═════ Material for the task ═════

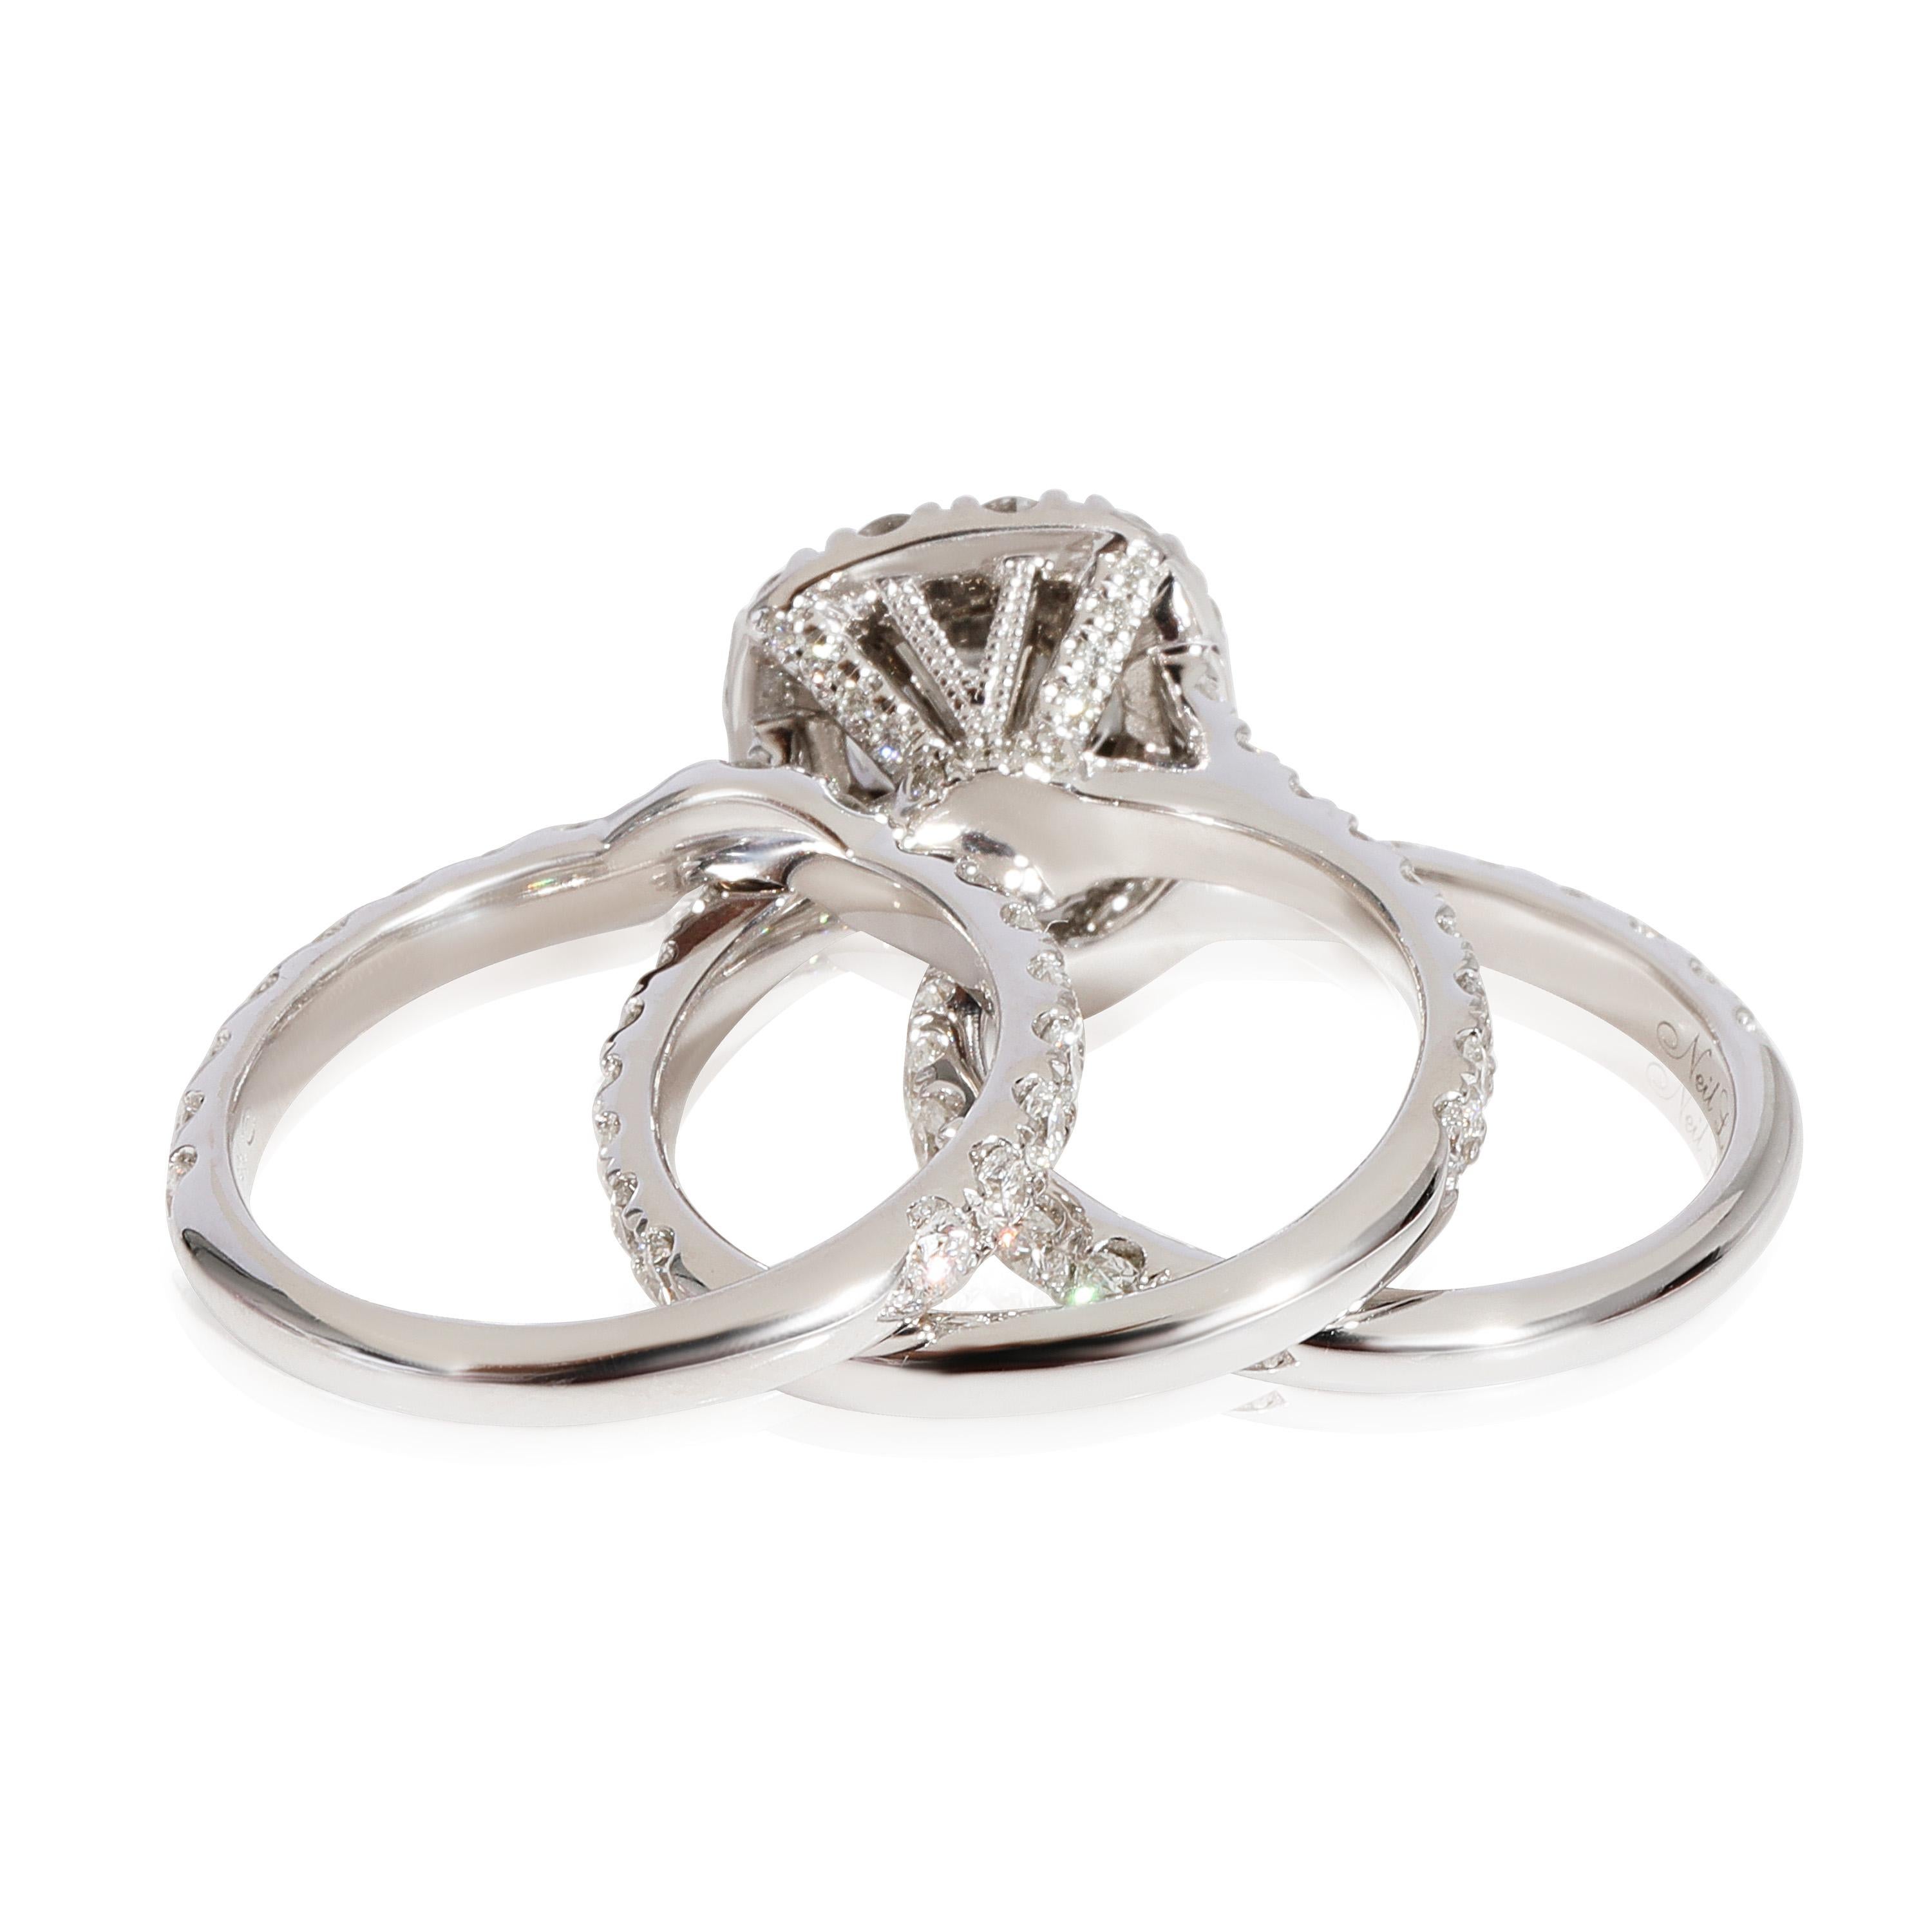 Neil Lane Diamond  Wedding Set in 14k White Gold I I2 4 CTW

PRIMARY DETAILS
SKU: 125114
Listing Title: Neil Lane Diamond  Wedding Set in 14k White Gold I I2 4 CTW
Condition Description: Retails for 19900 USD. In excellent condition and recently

═════

> **Problem to work on**
Set down each line from the line containing "SKU: 125114" through the final line of the data, exactly and with nothing added.

> **Answer space**
SKU: 125114
Listing Title: Neil Lane Diamond  Wedding Set in 14k White Gold I I2 4 CTW
Condition Description: Retails for 19900 USD. In excellent condition and recently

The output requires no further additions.